Tu as battu le record de 10km route avec 34″37 (retranchant 27 secondes sur Cassandre Beaugrand). La planète de l’athlétisme française semble un peu chamboulée par votre impact (cassandre et toi). Forcement, le milieu te compare Cassandre et toi… Est-ce que tu ressentais une urgence à la battre puisque tu es deux ans plus vieille qu’elle et que cela a tendance à te placer en arrière dans l’appréciation du milieu.
Une urgence ? Certainement pas. Cassandre est une coéquipière au sein de l’équipe de France et une concurrente comme une autre au départ des courses. Forcément, j’ai envie de gagner. Cela passe par devancer Cassandre. Je pense que l’on a tout à y gagner à être plusieurs Françaises au niveau international. C’est stimulant. Cela peut vraiment être bénéfique pour le triathlon français. Il faut juste savoir en faire bon usage. Cassandre est plus jeune, je suis plus récente dans le triathlon. On a chacune nos qualités et nos défauts, des parcours et des profils très différents. Avant de se comparer, il vaut mieux se concentrer sur sa propre progression. Peut être que certaines personnes aiment bien tout comparer, mais franchement je ne vois pas l’intérêt…

Dans quelques semaines, tu feras tes débuts en série mondiale. Dans quel état d’esprit es-tu?
J’ai hâte. Je suis pressée de découvrir la WTS.  C’est le meilleur moyen de prendre conscience du niveau requis pour être performante au sein de l’Élite mondiale. C’est une chance de prendre le départ à Abu Dhabi, une expérience qu’il faut vivre à 100 %.

Appréhendes-tu les spécificités de la série mondiale? J’imagine que tu entends souvent parler de ses exigences particulières…
J’ai beaucoup observé ce qui se passait sur ce type de courses, j’ai également écouté attentivement les personnes qui ont pris part à différentes WTS. Effectivement, c’est un circuit exigeant qui ne laisse pas place aux petites erreurs … C’est en ça qu’il est passionnant.

La commande sera importante puisque dès ta première saison, tu devras être régulière en WTS afin d’aller chercher un dossard aux Jos et tenter de gagner ta sélection à Rio ou a Chicago. La demande semble très chargée et assez compliquée dans la planification.
Je vais prendre la saison course après course afin d’optimiser chacune d’entre elles. Beaucoup de premières, c’est vrai, mais il faut bien débuter un jour. Cette saison est pleine d’incertitudes en fin de compte. Mais elle peut être réellement merveilleuse aussi. L’entraînement paie donc je vais prendre le départ sans complexe. J’admire un grand nombre de filles qui prennent le départ de ces courses. Mais aujourd’hui, c’est à mon tour de montrer que j’ai ma place parmi elles. Après tout, on verra bien !

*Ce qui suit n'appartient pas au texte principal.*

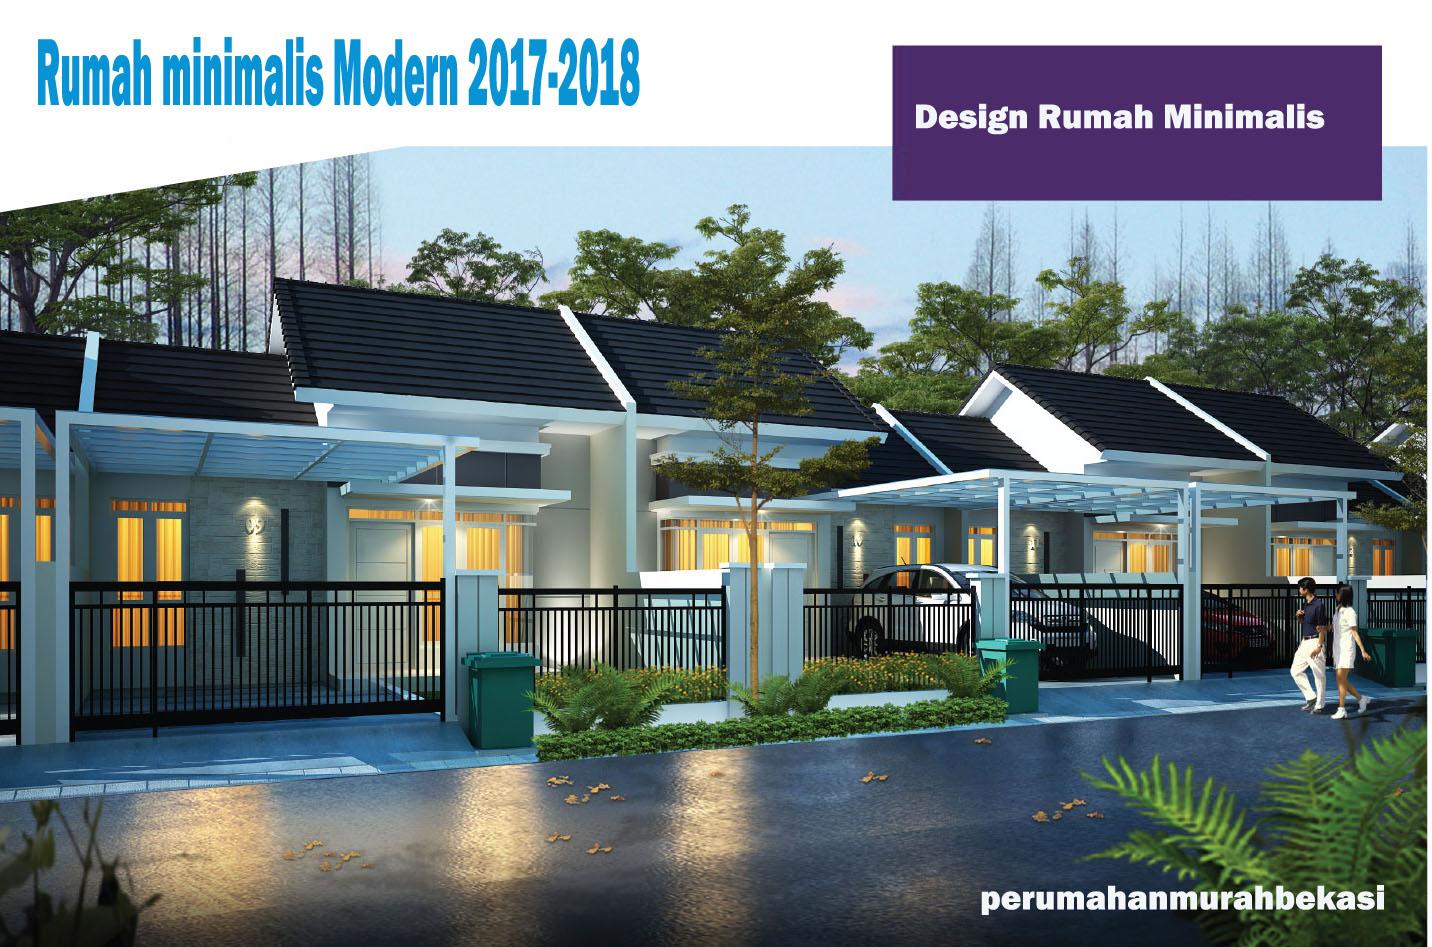 Design Rumah Minimalis Modern Terbaik 2017 2018 Inspirasi Rumah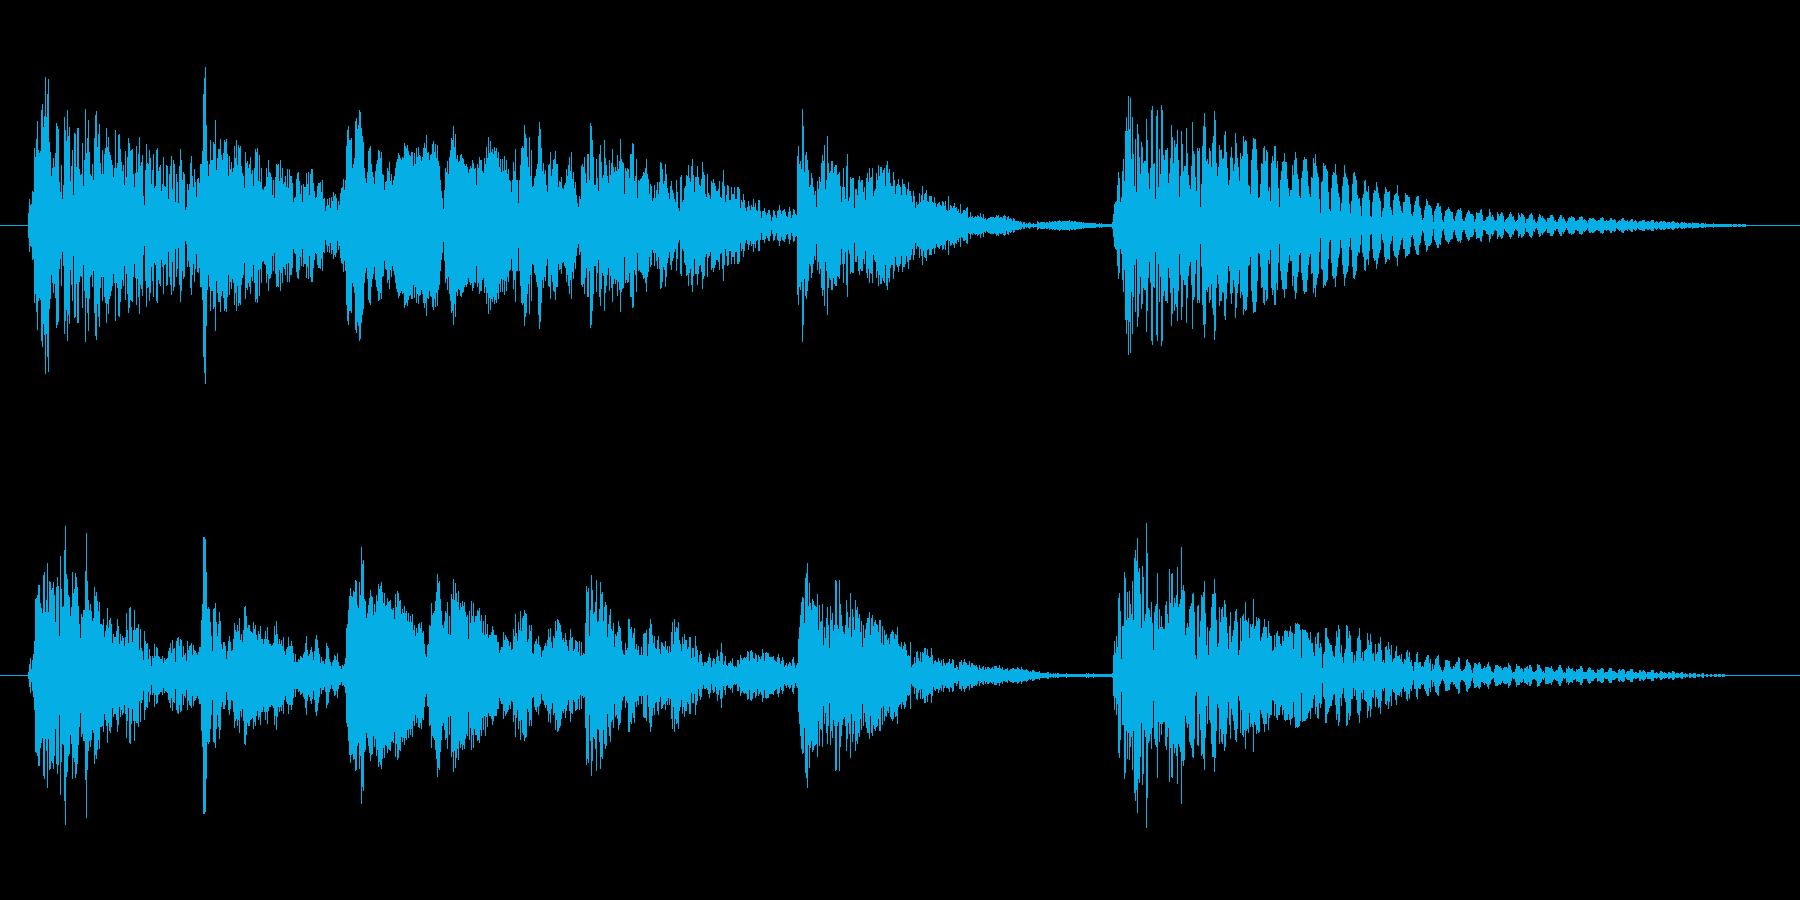 軽快 跳ねる 楽しい(ジングル、転換音)の再生済みの波形

Une rumeur dit que ta soeur voudrait aussi se mettre au triathlon…
Ma soeur est en train de tomber dedans effectivement … et c’est plutôt addictif comme sport … Elle a de très belles qualités. C’est elle qui choisira sa voie en temps et en heure, mais je suis certaine que si elle tente l’aventure, elle aura aussi l’occasion de vivre de très belles choses.

Audrey Merle fera sa rentrée en compétition à la première série mondiale de l’année – Abu Dhabi.